“Yes. You are a most charming person to live with. How in the world did you know that I wanted to be alone yesterday, and that I wanted you to come with me to-day?” George laughed. “Do I not always ask you to come with me in precisely the same tone? Do I not always look as though I wanted you to come? How do you always know?”

Mamie was conscious that she blushed even more than she usually did when she was momentarily embarrassed. Indeed, the blush had two distinct causes on the present occasion. She had at first been delighted by the compliment he had paid her, and then, immediately afterwards, when he explained what he meant, she had felt her shame burning in her face. On the previous day, as on the present afternoon, she had blindly followed her mother’s advice, given by an almost imperceptible motion of the head and eyes that had indicated a negation on the first occasion and assent on the second. She was silent now, and could find no words with which to answer his question.

“How do you do it?” he asked again, wondering at her embarrassment, and slackening the pace at which he rowed, for they were in a boat together towards sunset.

Mamie’s eyes suddenly filled with hot tears and she hid her face with her small hands.

“Why, Mamie dear, what is it?” George asked, resting on his oars and leaning forward.

“O George,” she sobbed, “if you only knew!”

CHAPTER XVII.

George did not forget Mamie’s strange behaviour in the boat, and he devoted much time to the study of the problem it presented. To judge from the girl’s conduct alone, she must be in love with him, and yet he did not like the idea and took the greatest pains to keep it out of his mind.
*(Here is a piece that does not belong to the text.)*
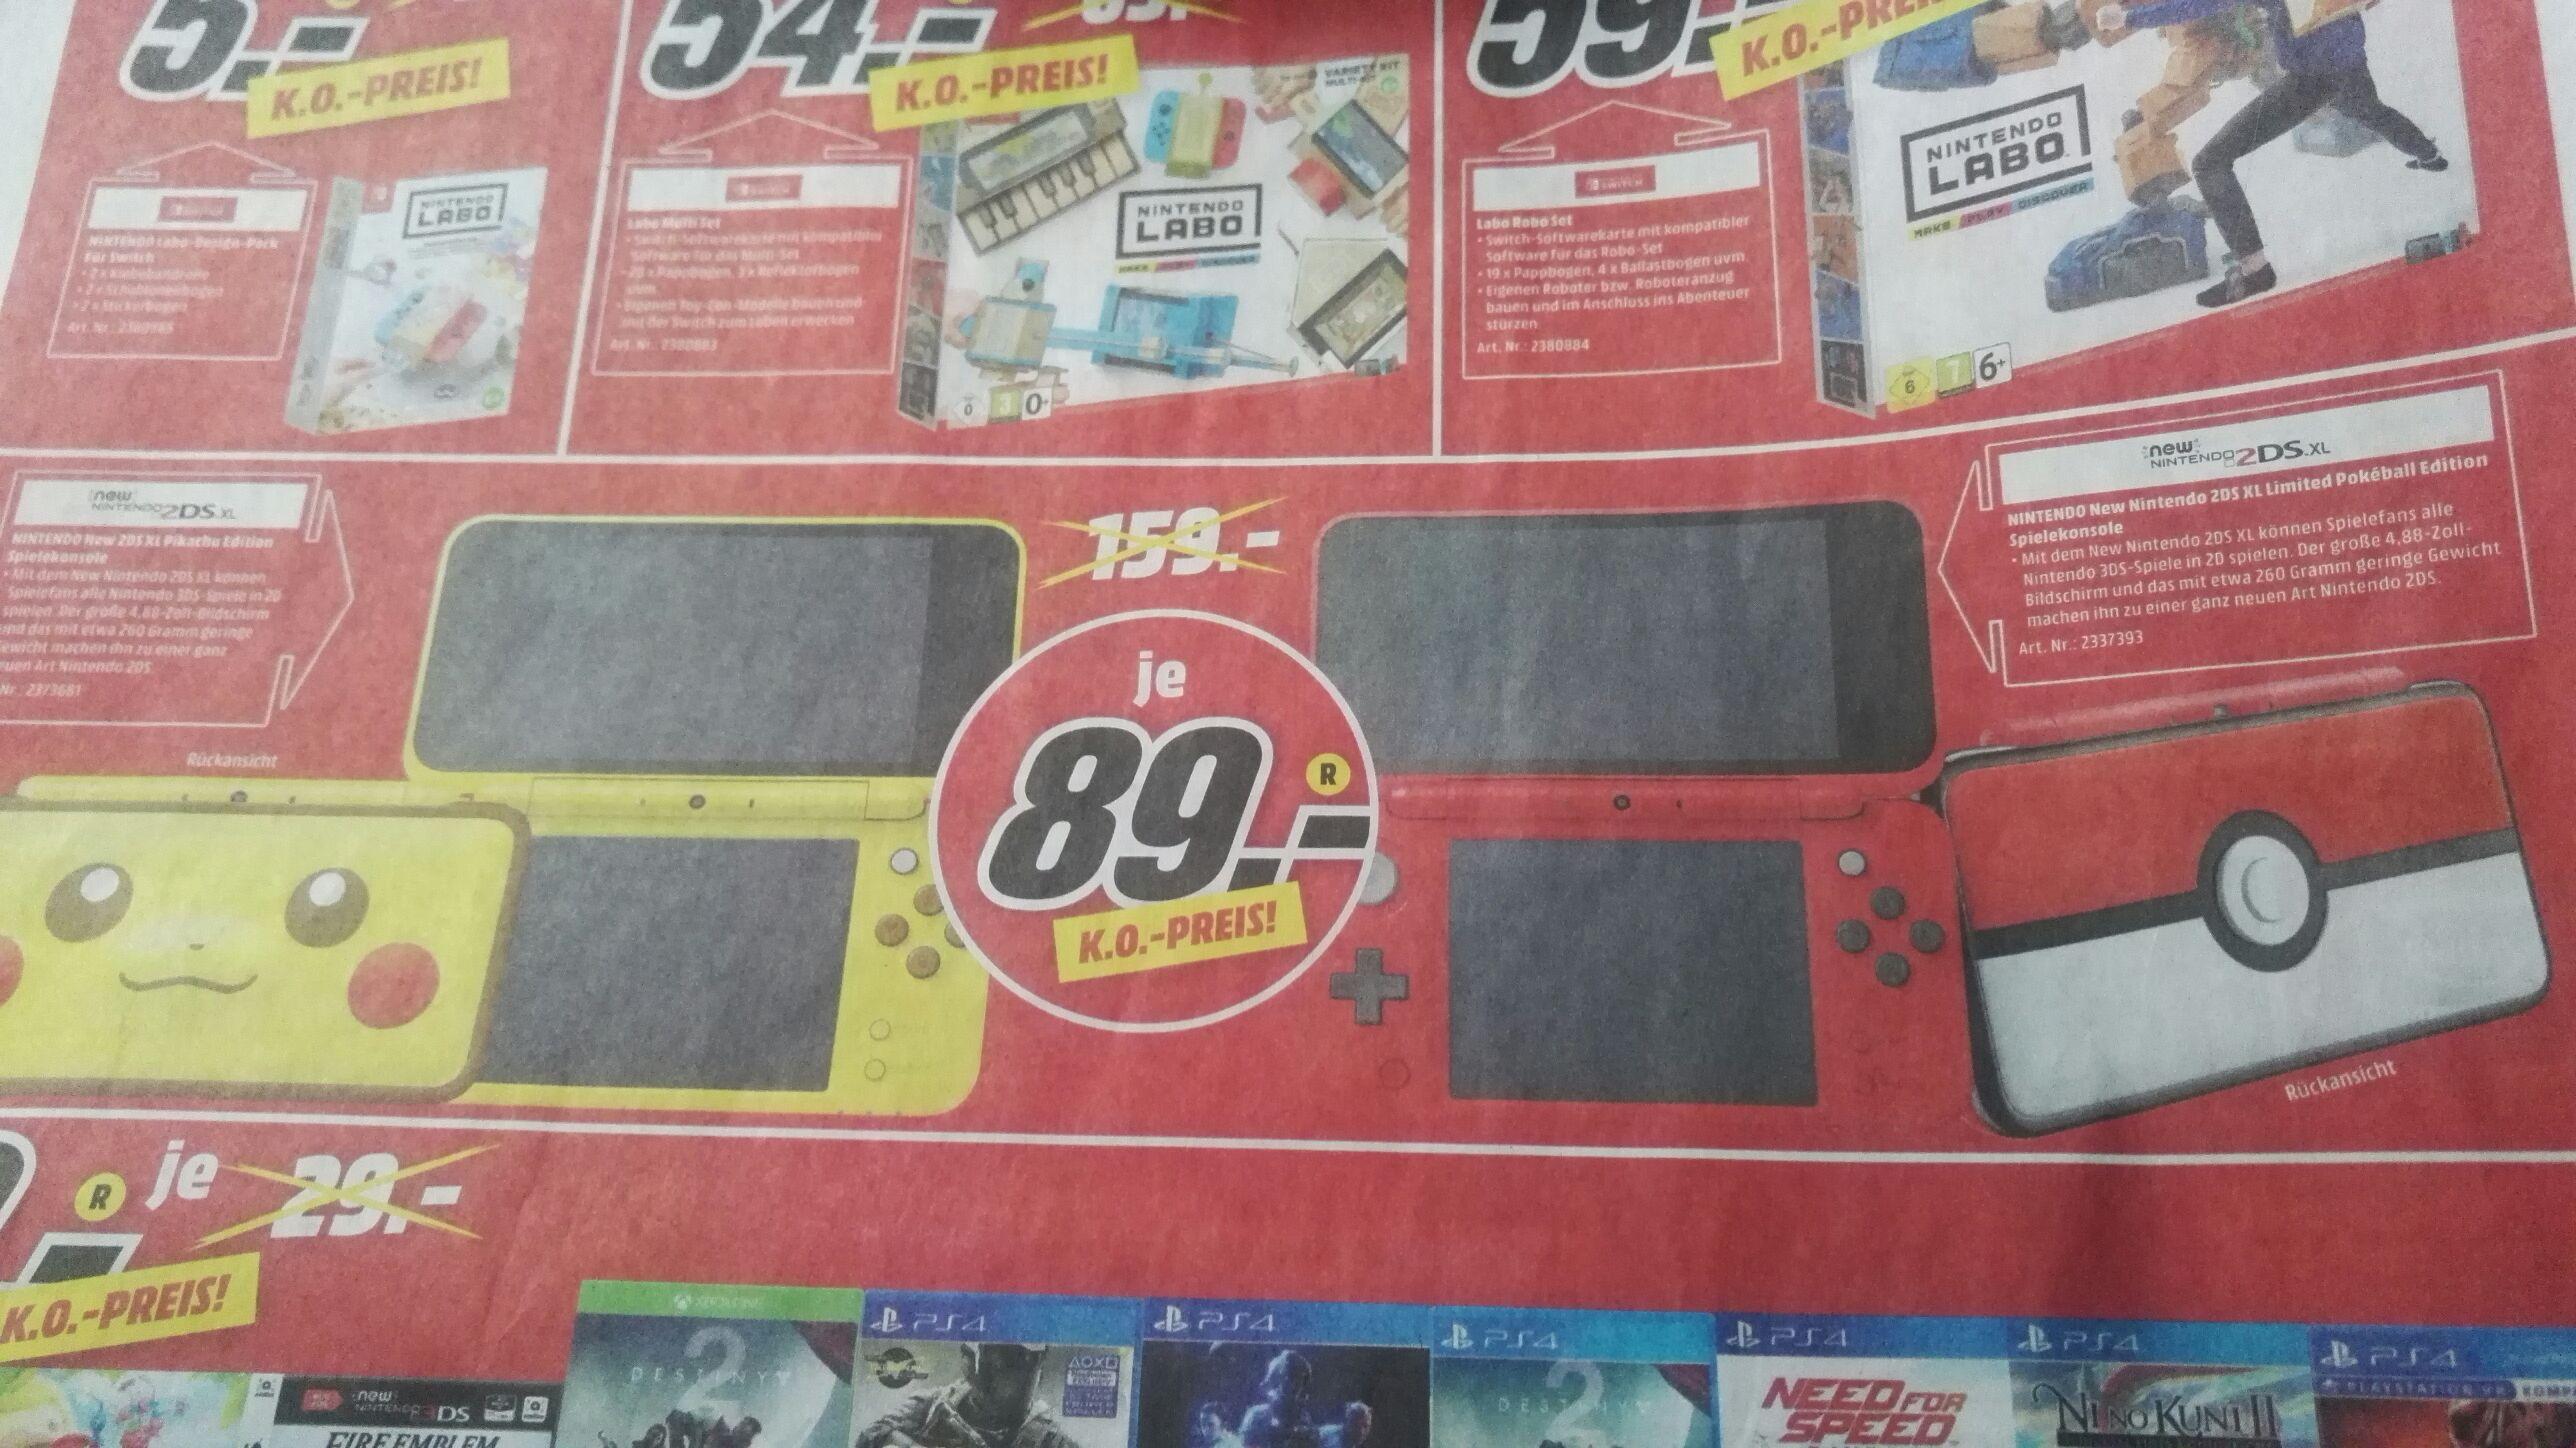 (Lokal Media Markt SLS) New 2DS XL Pokeball/Pikachu Edition für 89€

He was not in the humour in which it is a pleasant surprise to a man to discover unexpected affection for himself in a quarter where he has not expected to find it. Moreover, if he had once made sure that Mamie loved him, he would probably have thought it his duty to go away as quickly as possible. Such a decision would have deprived him of much that he enjoyed and it was desirable in the interests of his selfishness that it should be put off as long as possible.
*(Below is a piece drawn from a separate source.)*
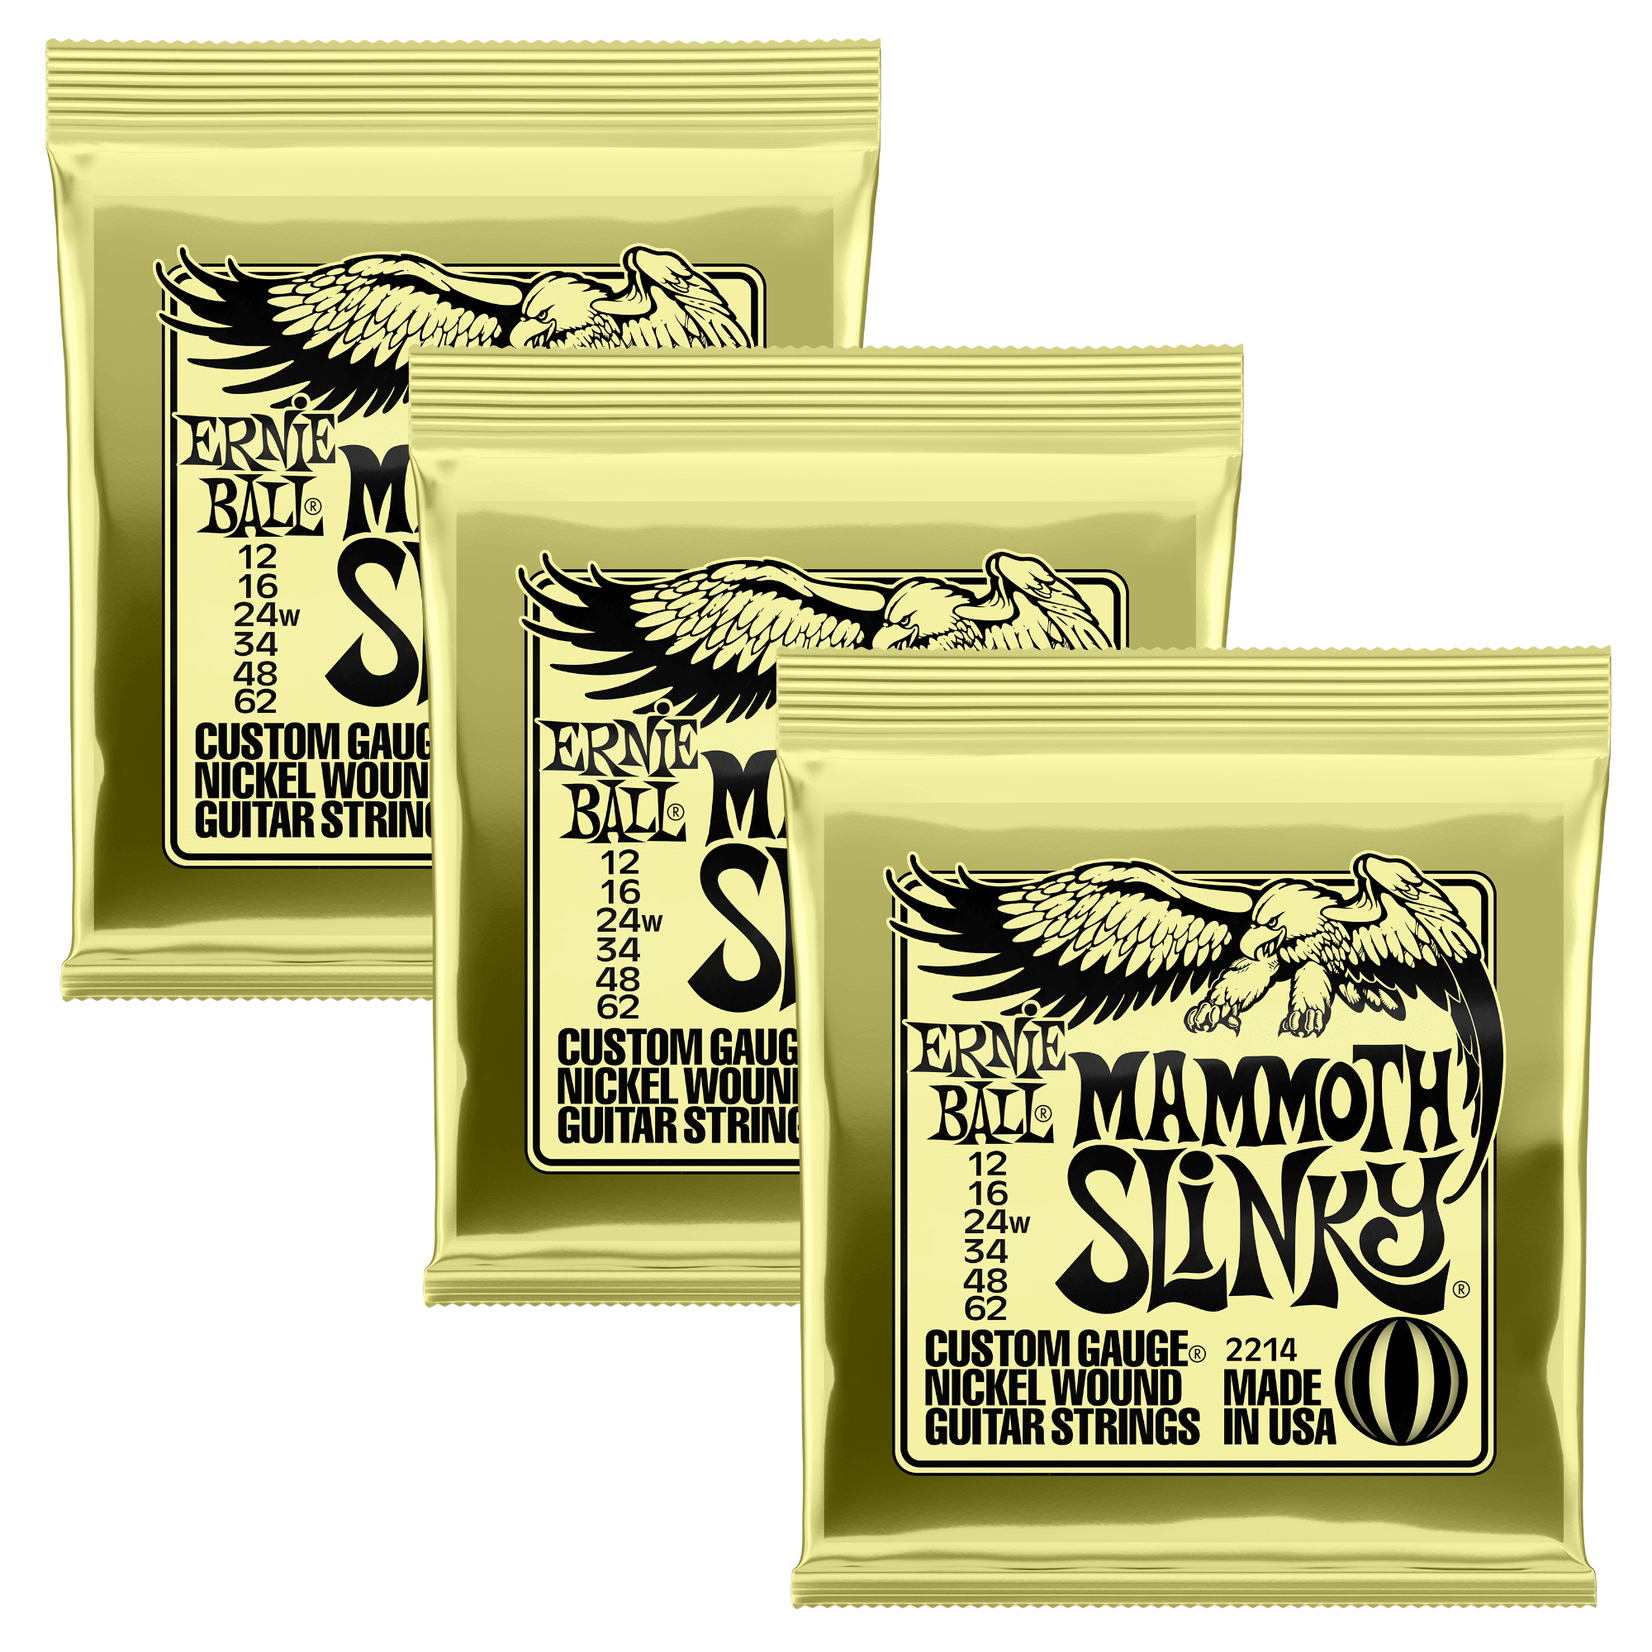 Ernie Ball 3x (3 sets) Ernie Ball Mammoth Slinky Custom Gauge Nickel Wound Electric Guitar Strings (12-62)

At that time George began to feel the desire for work creeping upon him once more. During a few weeks only had it been in his power to put away the habit of writing, and to close his eyes to all responsibility. Those had been days when the whole world had seemed to be upside down, as in a dream, while he himself moved in the midst of a disordered creation, uncertainty, like a soulless creature, without the capacity for independent action nor the intelligence to form any distinct intention from one moment to another. He took what he found in his way without understanding, though not without an odd appreciation of what was good, very much as Eastern princes receive European hospitality. He was grateful at least that his life should be made so smooth for the time, for he was dimly conscious that anything outwardly rough or coarse would have exasperated him to madness. He believed that he thought a great deal about the past, but when he attempted to give his meditations a shape, they would accept none. In reality he was not thinking, though the mirror of his memory was filled with fleeting reflections of his former life, some clear and startlingly vivid, others distorted and broken, but all more or less beautified by the shadowy presence of a being he had loved better than himself, and from whom he was separated for ever.
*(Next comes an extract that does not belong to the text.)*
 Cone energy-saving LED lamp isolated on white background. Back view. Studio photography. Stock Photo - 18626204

With such a man, however, idleness was as impossible as the desire for expression was irresistible. Since he had written his first book, and had discovered what it was that he was born to do, he had taken up a burden which he could not lay down and had sworn allegiance to a master from whom he could not escape. Not even the bitter and overwhelming disappointment that had come upon him could kill the desire to write. He was almost ashamed of it at first, for he felt that though everything he loved best in the world were dead before him, he should be driven within a few weeks to take up his pen again and open his inner eyes and ears to the play of his mind’s stage.